Covenant World Relief – Making a Difference In Colombia

Post a Comment » Written on August 12th, 2009     
Filed under: News
EL HATO, COLOMBIA (August 12, 2009) – The local bank denied a loan application to the Farmer’s Salvation Tractor Project in a small Colombian town where the country’s president, Alvara Uribe, owns land.

The loan would enable the project to purchase a tractor so that local farmers could increase their yield by 50 percent over farming by hand. When the bank refused to provide the loan, the farmers turned to Covenant World Relief (CWR), which supplied the money. The accompanying photo shows the tractor provided by CWR.

TractorSeveral months later, the president happened by the project’s leader, Jose Emilio Izquierdo, and asked how the work was proceeding. He knew the project had sought the loan and asked if the bank had provided it.

“I said to Mr. President, ‘I’m a Colombian citizen, born in Colombia, love Colombia, am working hard for the people of Colombia, and I can’t get a loan from a Colombian bank,” Izquierdo told him. “I’m not a U.S. citizen, I’ve never been to the U.S., I won’t ever go there, I don’t know English, but I have some Christian brothers and sisters in the U.S. who believed in this vision to partner with the poor farmer around here and they gave me a loan.”

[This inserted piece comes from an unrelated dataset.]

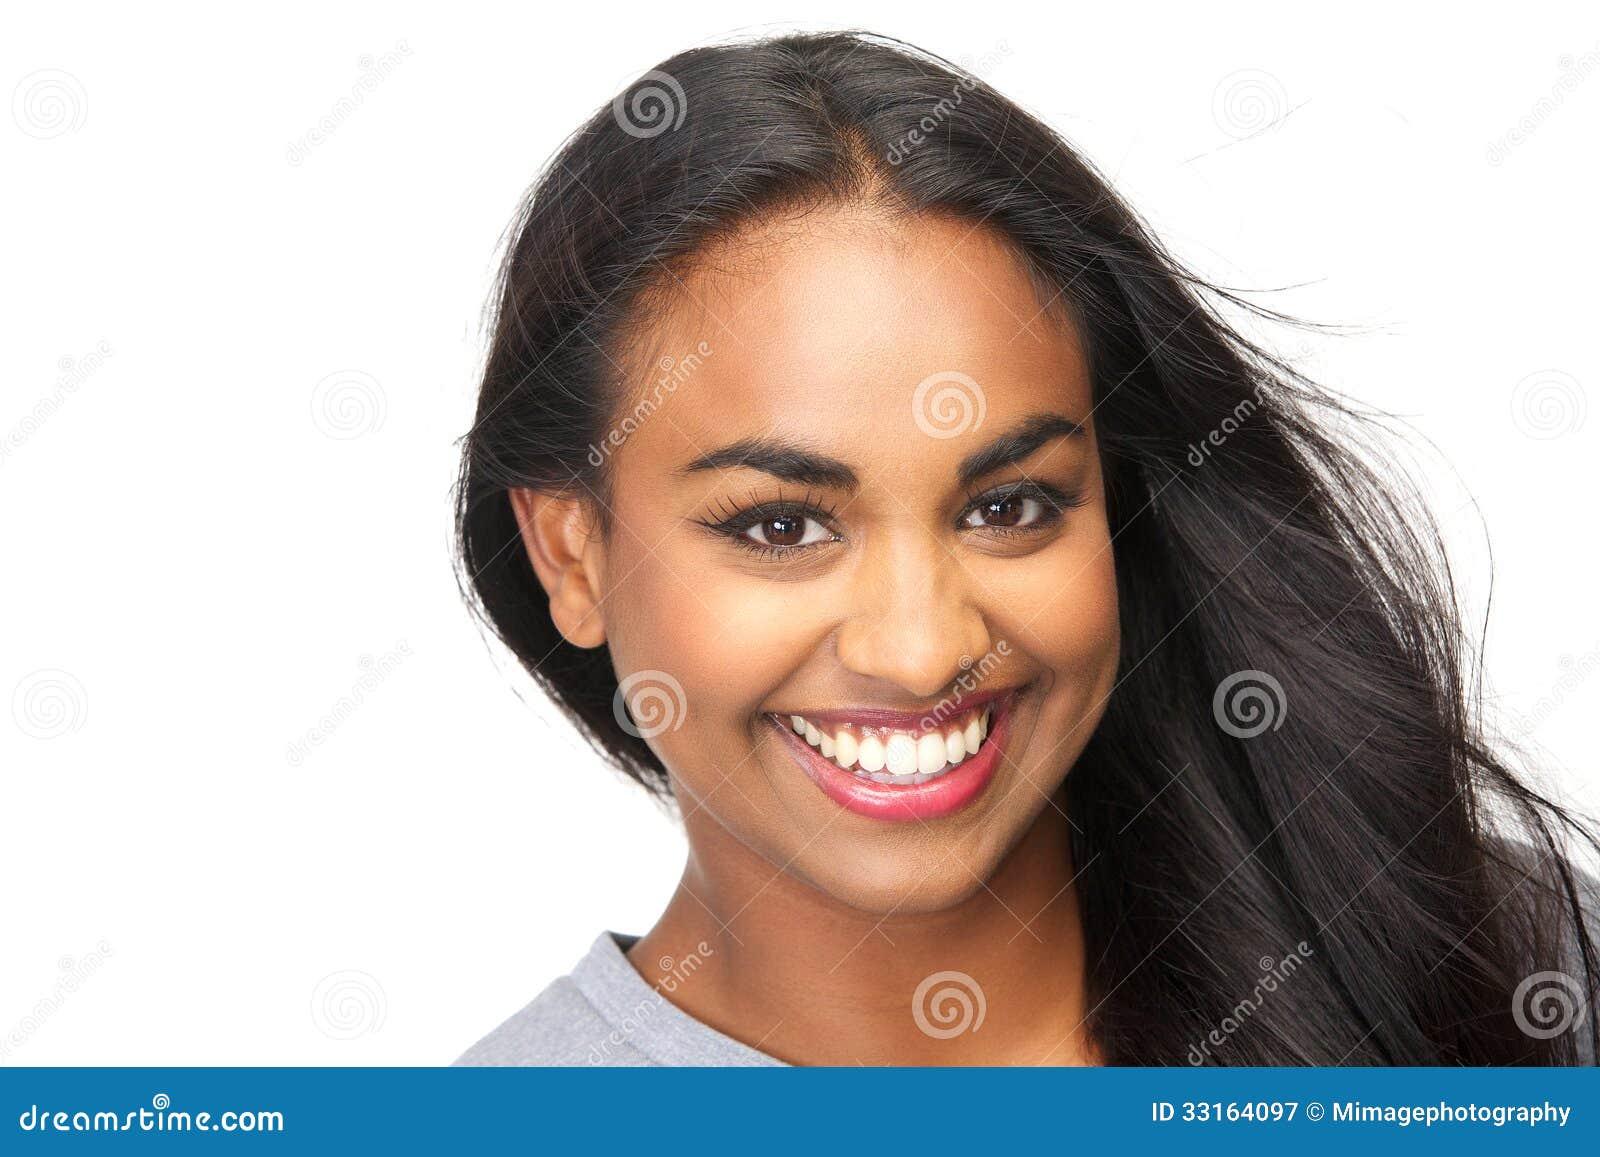 Όμορφη νέα γυναίκα που χαμογελά στο απομονωμένο άσπρο υπόβαθρο

Izquierdo recalls, “The next day, the bank called me wanting to know why the Colombian government was breathing down its neck about the denied loan application.”

Many other stories of changed lives were told to CWR representatives during their recent visit to El Hato and other areas of the country, during which they met with leaders of partnering organizations. Participants on the trip included Evangelical Covenant Church Missionary Gary Sander, CWR Director David Husby, and two members of the CWR Commission, Louise Wilson and Akuorkor Addy.

CafeEl Hato school children as well as farmers are benefiting directly from the CWR assistance. A new school was built in the community recently, but it doesn’t have a computer lab even though the students were required to do “online homework.”

“It’s tough to do your research online when you have to travel 25 minutes by bike and 45 minutes by foot to the nearest Internet café and then wait in line forever to find out that the signal is down,” says Sander.

But the new Adonai Internet Café funded by CWR (accompanying photo) has made it possible for students to do their homework. “The Adonai Internet Café has the most secure signal for miles and miles around,” Sander says.

He adds that partners are using Covenant money to help lift people out of poverty through projects that provide immediate assistance and promote sustainable development. 
They include fire relief projects have developed into partnerships with Compassion International; the Women’s Rotary Club of Colombia; the Paraklete Foundation and the City of Medellin; agro-business projects growing chickens, pigs and cattle; outreaches to children; and prostitutes receiving training for jobs that offer dignity and an alternative income.

The discussions between the CWR representatives and the groups working in Colombia will lead to new opportunities for helping people break free from poverty, Sander says.

Covenant World Relief has served as the international humanitarian aid and development arm of the Covenant since 1946.